Rabu 27 May 2020 19:32 WIB

Kapan Kita Sampai ke New Normal?

Kita harus hati-hati dalam menjalankan New Normal

Reiny Dwinanda
Foto: istimewa/doc pribadi
Reiny Dwinanda

REPUBLIKA.CO.ID, Oleh Reiny Dwinanda*

Pemahaman masyarakat tentang Covid-19 memang sangat beragam. Ada yang getol mencari informasi terbaru, ada yang sesekali mengikuti pemberitaan sekadar untuk punya pengetahuan mendasar, dan ada juga yang hanya mendengarnya dari sana-sini.

Saya masih ingat percakapan dengan seorang dewasa muda yang tinggal di perbatasan Jakarta-Bekasi, Jawa Barat. Dengan berapi-api dia menjelaskan virus corona bukanlah virus baru, melainkan sudah ada sejak 2010.

Bahkan, tahun 2011, ada film yang menggambarkan tentang pandemi, persis seperti yang terjadi sekarang.

Pria yang bekerja di sektor informal itu lalu menyebut bahwa penemu vaksin corona ditembak mati agar temuannya tak dimanfaatkan.

Dalam percakapan singkat itu, saya tak sempat menyanggahnya. Ya, virus corona memang ada sejak dulu, tapi itu bukan jenis yang menyebabkan Covid-19. Dunia sudah melewati wabah sindrom pernapasan akut parah (SARS) pada 2002 dan sindrom pernapasan Timur Tengah (MERS) yang juga disebabkan oleh virus dari keluarga coronavirus ini pada akhir 2012.

Film yang dimaksudnya pasti Contagion yang dibintangi Matt Damon, Jude Law, dan Gwyneth Paltrow. Yup, itu tayang tahun 2011.

Bagaimana dengan cerita penemu vaksin yang dibunuh? Berbekal keyword "penemu vaksin ditembak mati", kisah aslinya terungkap.

Berdasarkan pemberitaan pada 8 Mei lalu, kisah itu nyata adanya. Seorang ilmuwan China yang bekerja untuk penelitian tentang virus corona di Pittsburgh, Amerika Serikat (AS) meninggal setelah didor pasangan sejenisnya. Bing Liu namanya.

Kalaupun saya sempat menyampaikan fakta itu, mungkin sulit untuk mengubah keyakinannya tentang seluk-beluk virus SARS-CoV-2 dalam sekejap. Tapi, sepertinya yang lebih penting ialah: apakah dia melakukan sesuatu untuk melindungi diri dan orang lain dari risiko tertular atau menularkan virus corona. Kenyataannya, dia tak bermasker dan tetap menerima orderan untuk menjadi pengojek panggilan bagi warga sekitar.

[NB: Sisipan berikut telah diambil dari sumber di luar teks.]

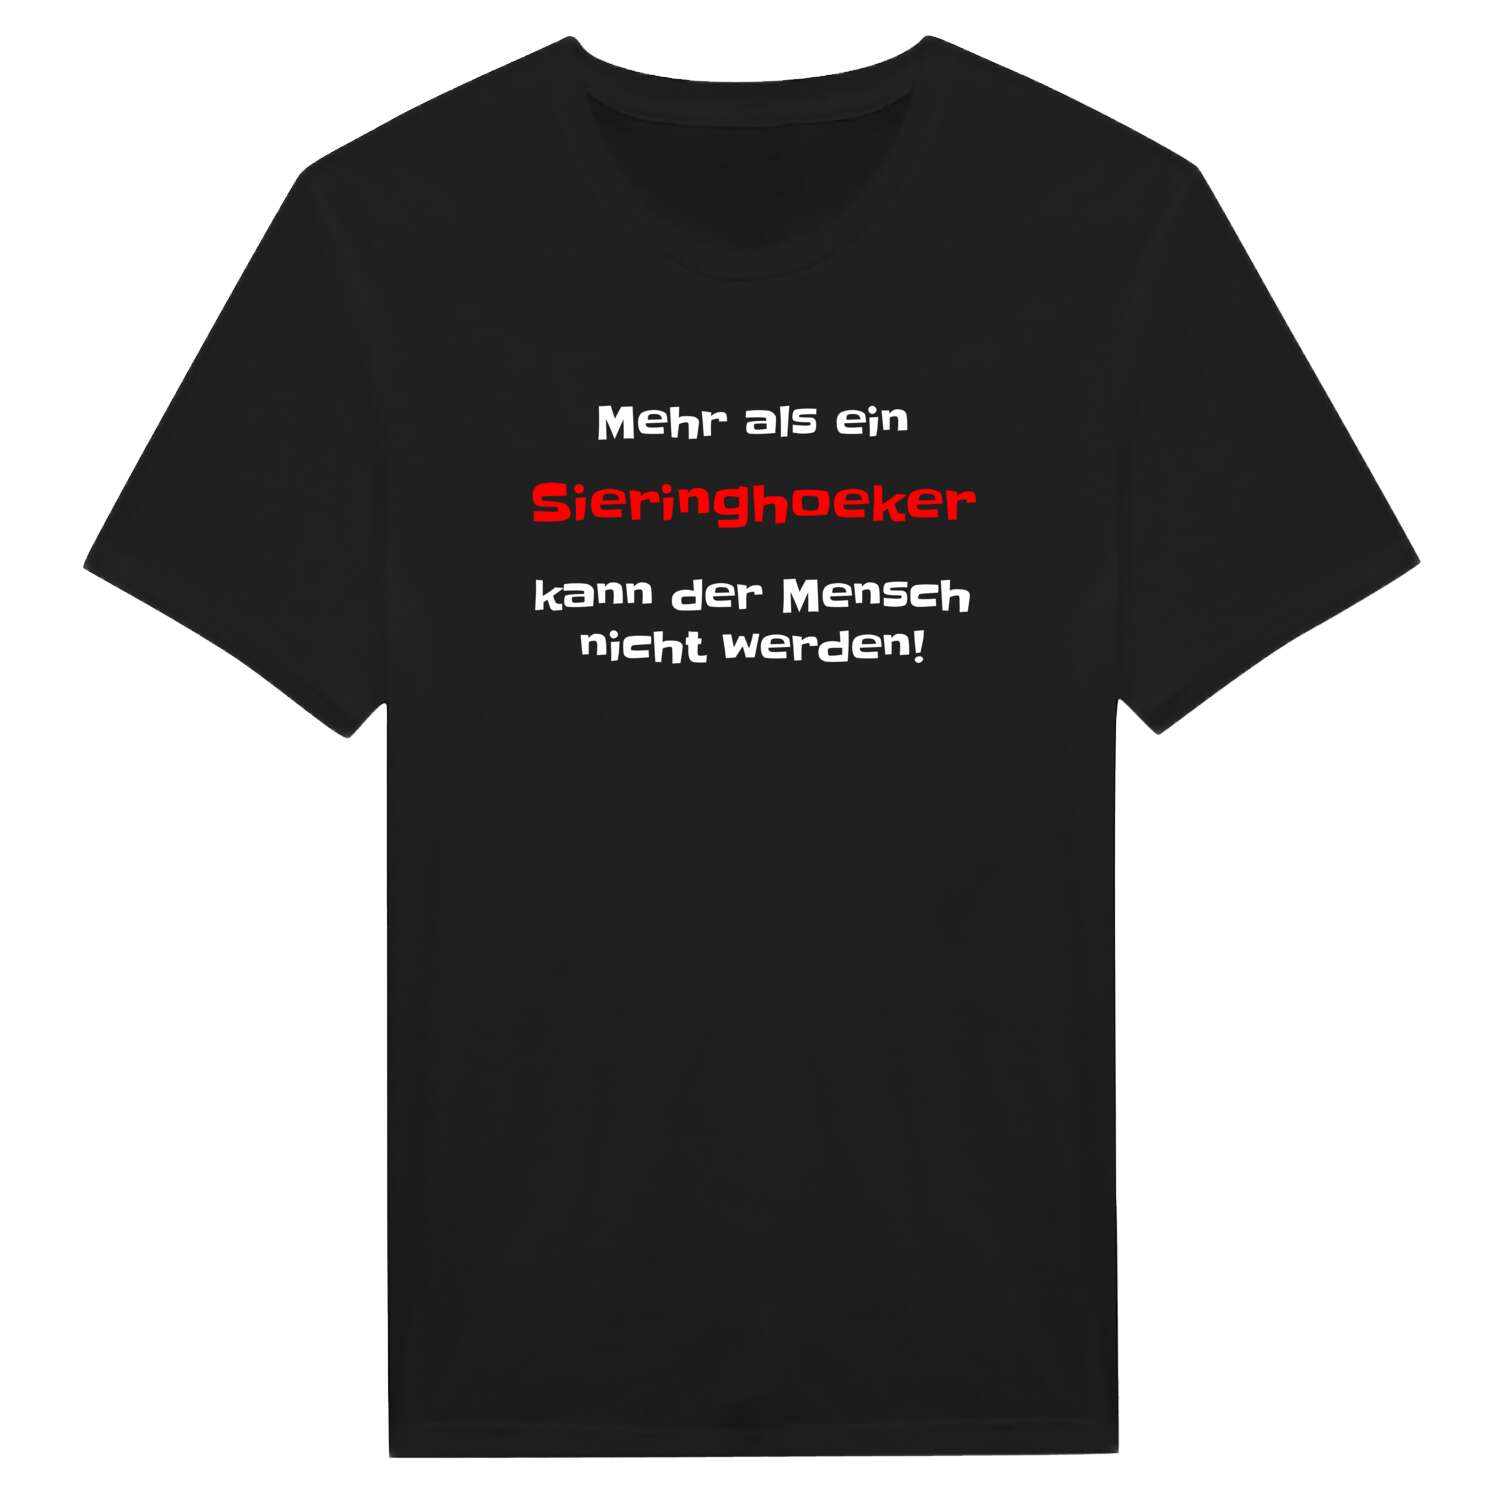 Sieringhoek T-Shirt »Mehr als ein«

Dua hal yang menurut saya benar dari pemahaman dia hanyalah pentingnya menghindari kerumunan. Dia juga khawatir tenaga kesehatan akan kewalahan mendapati banjir pasien akibat banyaknya warga yang ramai mendatangi penutupan McDonald's Sarinah, bandara, hingga silaturahim Lebaran.

Dia bilang, pandemi ini bisa nggak kelar-kelar kalau orang tidak patuh terhadap aturan jaga jarak pakai masker, dan cuci tangan. Itu lebih mudah diomongin daripada dilakukan ya?!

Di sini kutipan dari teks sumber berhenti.